# And thus, the infestation begins!



## 480sparky (May 15, 2015)

Never have owned a Canon camera in my life.  I've managed to go 56 years without ever shooting with one.

Then today, the Magic Postal Truck drops off a package at my door.  I have been gifted a Canon FTb with a 50/1.8 lens.







It needs a good bath, and the leather case it came in is totally gone.  But at least the shutter & aperture seem to work reasonably well.  So after I give 'er a good scrubbing, it'll be time to run some film through 'er and see what's she's got.


----------



## SoulfulRecover (May 15, 2015)

You poor soul


----------



## tirediron (May 15, 2015)

You can get counselling...


----------



## Derrel (May 15, 2015)

Hope your tetanus booster is up-to-date...


----------



## Designer (May 15, 2015)

There might be a spray for those.


----------



## snowbear (May 15, 2015)




----------



## annamaria (May 16, 2015)

Ahhhh drools....


----------



## bribrius (May 16, 2015)

Gifted? If it works i will be jealous..


----------



## Ysarex (May 16, 2015)

Ftb! Great old camera. One of Canon's first with the "auto" load film chamber. Workhorse camera! I gave my last one away to a student.

Joe


----------



## astroNikon (May 16, 2015)

did those do TTL ?

j/k


----------



## 480sparky (May 16, 2015)

Not sure it's film-worthy. NONE of the shutter speeds are anywhere close to within reason.


----------



## bribrius (May 16, 2015)

480sparky said:


> Not sure it's film-worthy. NONE of the shutter speeds are anywhere close to within reason.


just guess.
It all works out in the end.


----------



## ronaldmartin302 (May 16, 2015)

Good luck


----------



## 480sparky (May 16, 2015)

bribrius said:


> just guess.
> It all works out in the end.



Guessing won't work.  The speeds are all off by as much as 2 full stops.

In either direction.  No rhyme or reason to them.  1/125 is 1/30 for one shot, 1/250 the next, 1/60, then 1/500, 1/60, 1/30, 1/125........


----------



## bribrius (May 16, 2015)

480sparky said:


> bribrius said:
> 
> 
> > just guess.
> ...


wtf


----------



## 480sparky (May 16, 2015)

bribrius said:


> 480sparky said:
> 
> 
> > bribrius said:
> ...



It's a Canon, what can I say.   
	

	
	
		
		

		
			





   My Nikon film body shutters are off, but they're at least _consistently _off, and in the _same direction_.


----------



## timor (May 16, 2015)

480sparky said:


> bribrius said:
> 
> 
> > just guess.
> ...


No surprise here. My FTbs are singing similar blues. Must be the design of the shutter. After certain age... Not even a reason to blame Canon, FTbs served well in own time.


----------



## Mike_E (May 17, 2015)

480sparky said:


> Not sure it's film-worthy. NONE of the shutter speeds are anywhere close to within reason.

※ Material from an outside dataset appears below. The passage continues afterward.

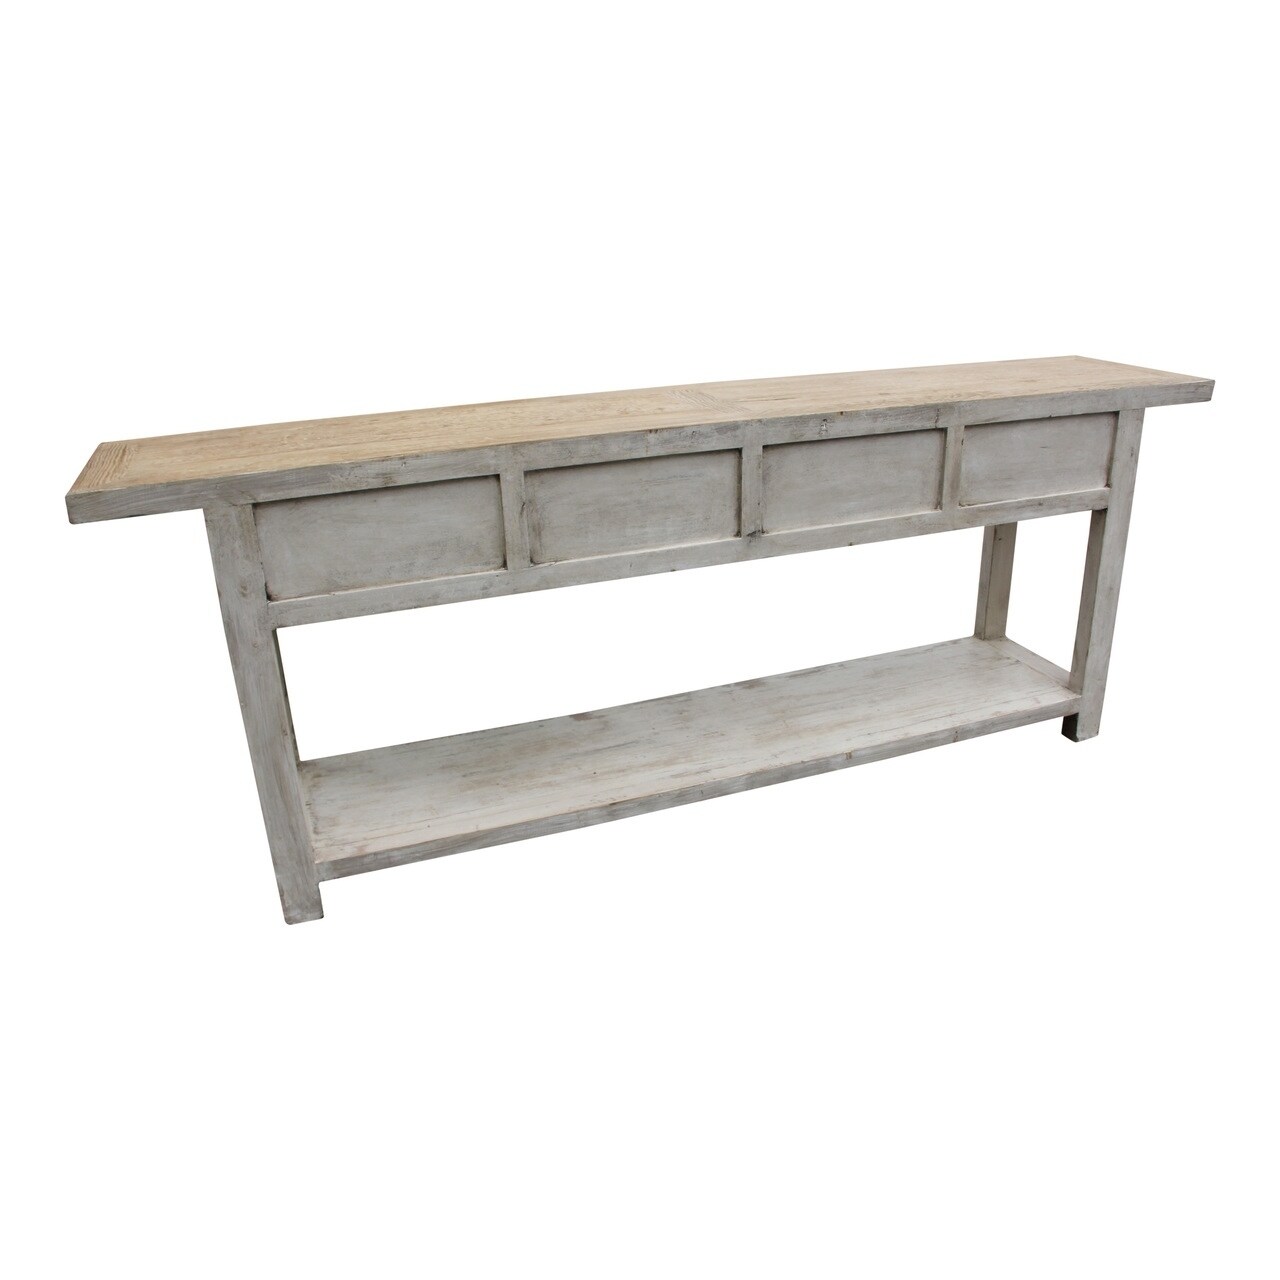 8 foot long console table

Sounds like my first wife, she shot canon too.


----------



## gsgary (May 18, 2015)

Thats the trou


timor said:


> 480sparky said:
> 
> 
> > bribrius said:
> ...




Thats the trouble with Nikon and Canon film cameras they are so cheap it's not worth sending them for a CLA, last one cost me £200 for my M4-2


----------



## bribrius (May 18, 2015)

gsgary said:


> Thats the trou
> 
> 
> timor said:
> ...


why i shoot mostly konica. cheap as all hell and i love the shutters. I heard leicas were over rated.


----------



## gsgary (May 18, 2015)

bribrius said:


> gsgary said:
> 
> 
> > Thats the trou
> ...


You heard wrong


----------



## bribrius (May 18, 2015)

gsgary said:


> bribrius said:
> 
> 
> > gsgary said:
> ...


yeah. i started shooting on konicas. Guy told me the shooters use konicas and those looking for a label shot leicas. And nikon was popular because of a song.


----------



## gsgary (May 18, 2015)

bribrius said:


> gsgary said:
> 
> 
> > bribrius said:
> ...


People shoot Leica because there are a pleasure to use and last for ever


----------



## bribrius (May 18, 2015)

totally messing with you...


----------



## bribrius (May 18, 2015)

gsgary said:


> bribrius said:
> 
> 
> > gsgary said:
> ...


i dunno. I read a article once (course by a pro konica photog) that said the repairs on leicas were higher than konicas. Just no one wanted to admit it.


----------



## bribrius (May 18, 2015)

"The Autoreflex series of cameras was the most reliable I have yet owned. For about 10 years they were my main 35mm SLR's, and during the latter part of that were used professionally. I switched to Nikon when it became clear Konica was abandoning the market, but since that time my Nikons have been in the shop on a regular basis, as have my Leicas since time immemorial, and some Canons and Pentax's I've used."

Konica


----------



## gsgary (May 18, 2015)

bribrius said:


> "The Autoreflex series of cameras was the most reliable I have yet owned. For about 10 years they were my main 35mm SLR's, and during the latter part of that were used professionally. I switched to Nikon when it became clear Konica was abandoning the market, but since that time my Nikons have been in the shop on a regular basis, as have my Leicas since time immemorial, and some Canons and Pentax's I've used."
> 
> Konica


The best Konica made Konica Hexar RF - Wikipedia the free encyclopedia


----------



## bribrius (May 18, 2015)

gsgary said:


> bribrius said:
> 
> 
> > "The Autoreflex series of cameras was the most reliable I have yet owned. For about 10 years they were my main 35mm SLR's, and during the latter part of that were used professionally. I switched to Nikon when it became clear Konica was abandoning the market, but since that time my Nikons have been in the shop on a regular basis, as have my Leicas since time immemorial, and some Canons and Pentax's I've used."
> ...


no mechanical shutter, digital only. Sad time for konica, that was the end. Last nail in the coffin. Manual cameras long gone, merger and acquisition.  Still wouldn't mind having one of those however. At the moment i usually shoot with a t3n or t2.  FT-1 occasionally.  Considering the price the konica Hexars are going for i don't think i will find anyone willing to take the 100 bucks i am willing to pay for a working one. I just don't see that as a serious long term use camera. I could be wrong. I would rather buy another t3  or t4. 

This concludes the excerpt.